Installation arrangement (16) according to one of the preceding claims, wherein the mover (24, 26) comprises permanent magnets (71) co-acting with the stator beam (18).
Installation arrangement (16) according to one of the preceding claims, wherein the motion and safety control unit (7) comprises an elevator drive unit and an electronic overspeed governor.
Installation arrangement (16) according to one of the preceding claims, wherein the motion and safety control unit (7) comprises a power source (8), in particular a battery, for supplying power to the motor windings (74, 76).
Installation arrangement (16) according to claim 7, wherein the motion and safety control unit (7) comprises an inverter (23) having input connected to the battery (8) and output connected to a 1-phase or 3-phase AC output socket (25) to supply battery power for tools of construction workers working from the installation deck (3).
Installation arrangement (16) according to one of the preceding claims, wherein the motion and safety control unit (7) comprises motion sensor (11) for sensing absolute position and movement of mover (24, 26) / installation deck (3).
Installation arrangement (16) according to one of the preceding claims, wherein the motion and safety control unit (7) comprises a wireless battery charger (21) for charging the power source (8).
Installation arrangement (16) according to one of the preceding claims, wherein the mover (24, 26) comprises mechanical brakes (9) configured to interact with the stator beam (18) and/or with the guide rails located in the elevator hoistway (12).
Installation arrangement (16) according to one of the preceding claims, wherein the installation arrangement (16) comprises at least two movers (24, 26).

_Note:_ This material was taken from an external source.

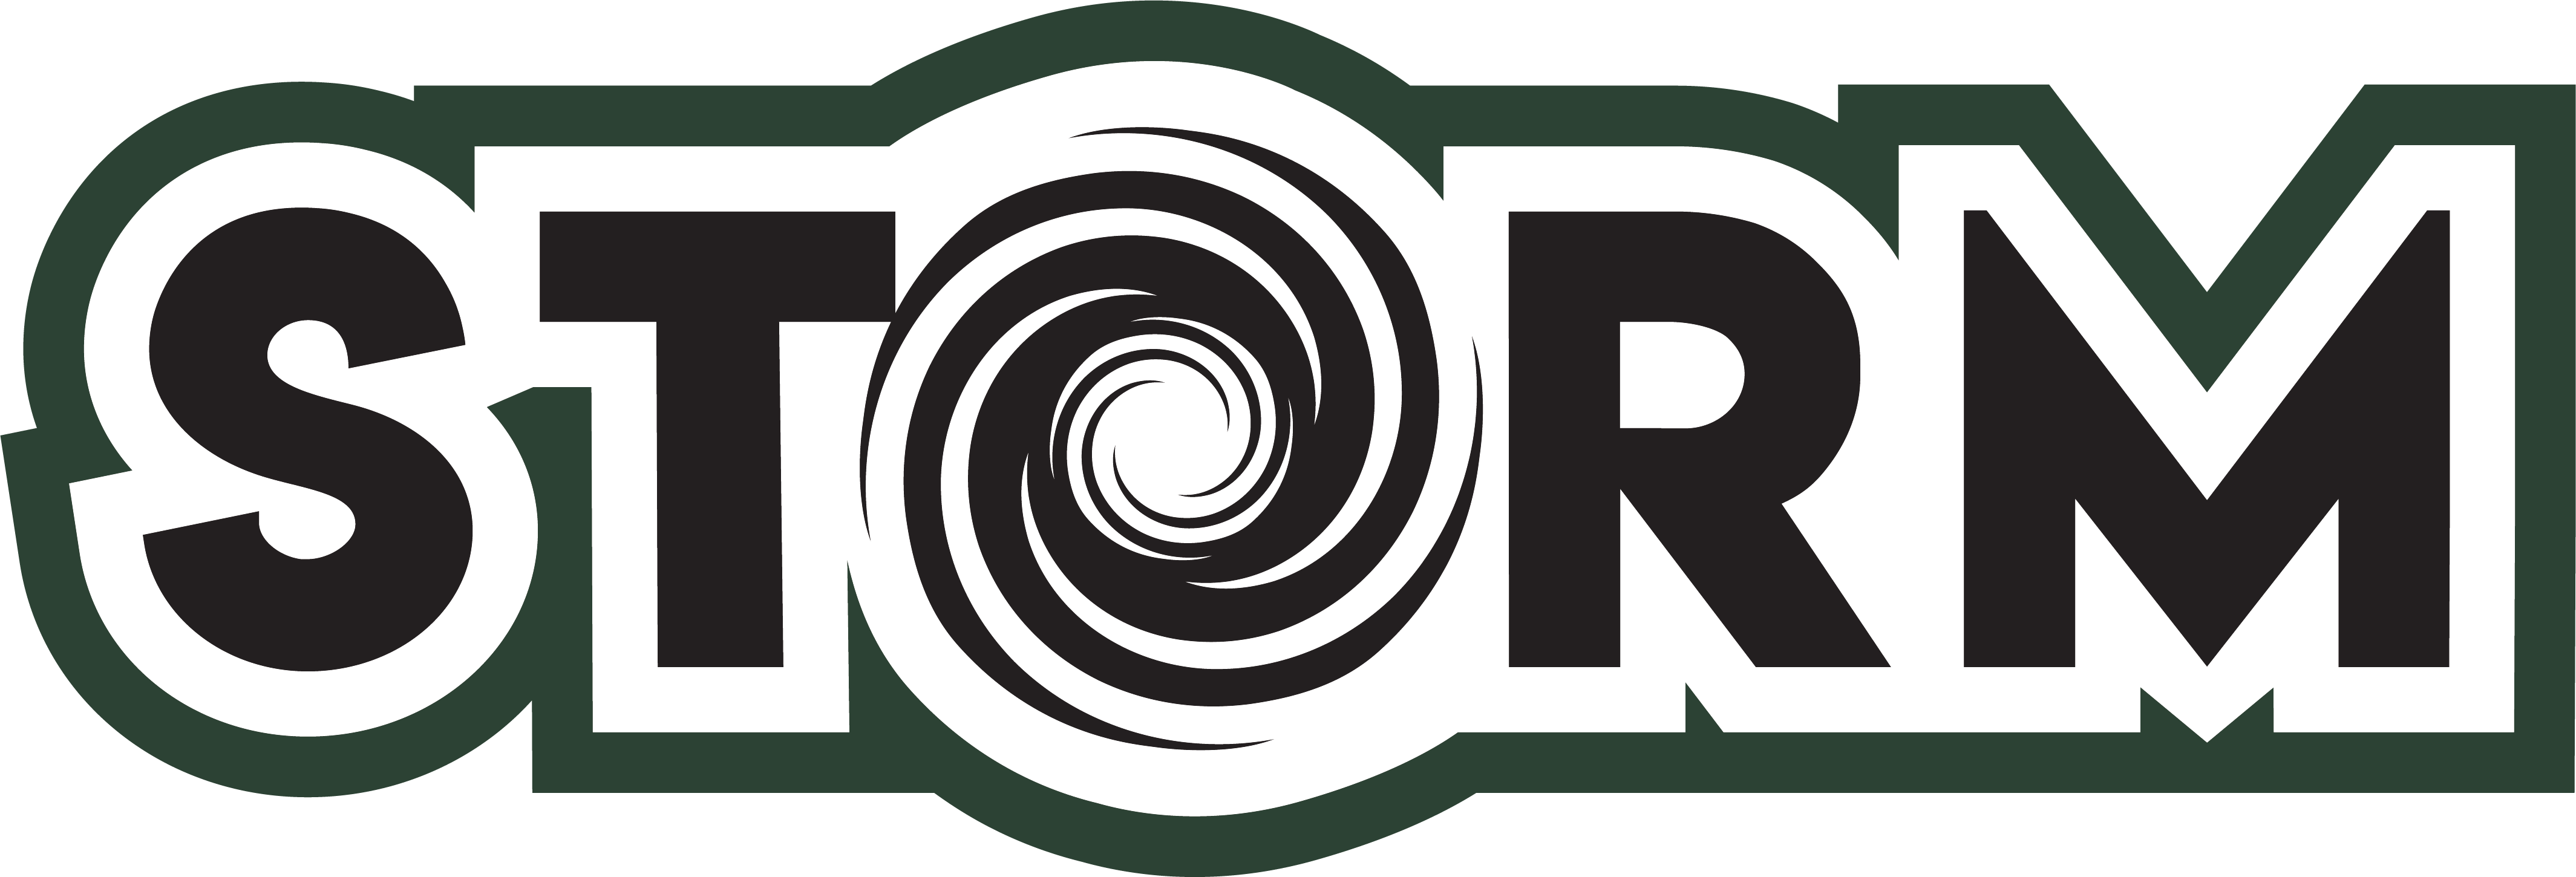 PLC-Storm-Logo2-C-NoPLC

Construction-time elevator comprising at least one installation arrangement (16) according to one of the preceding claims and at least one vertical stator beam (18) located in the elevator hoistway (12).
Construction-time elevator according to claim 13, wherein the stator beam (18) comprises stator rods (50) made of iron.
Construction-time elevator according to claim 13 or 14, wherein the stator beam (18) is integrated with or forming a vertical guide rail in the elevator hoistway (12).
Method for the construction of a building, the method comprising
- providing an installation arrangement (16) according to one of claims 1 to 9 on the bottom floor (12) of the building site,

- erecting the hoisting height of the installation arrangement (16) by connecting stator beam segments end-to-end to form at least one stator beam (18) in the hoistway,

- placing the installation arrangement (16) in connection with the at least one stator beam (18).
Method according to claim 16, wherein the mover (24, 26) is detached from the installation deck (3) and connected to a construction time elevator car after a preset degree of readiness of the elevator installation has been reached.
Method according to claim 17, wherein also the a motion and safety control unit (7) is detached from the installation deck (3) and connected to the construction time elevator car.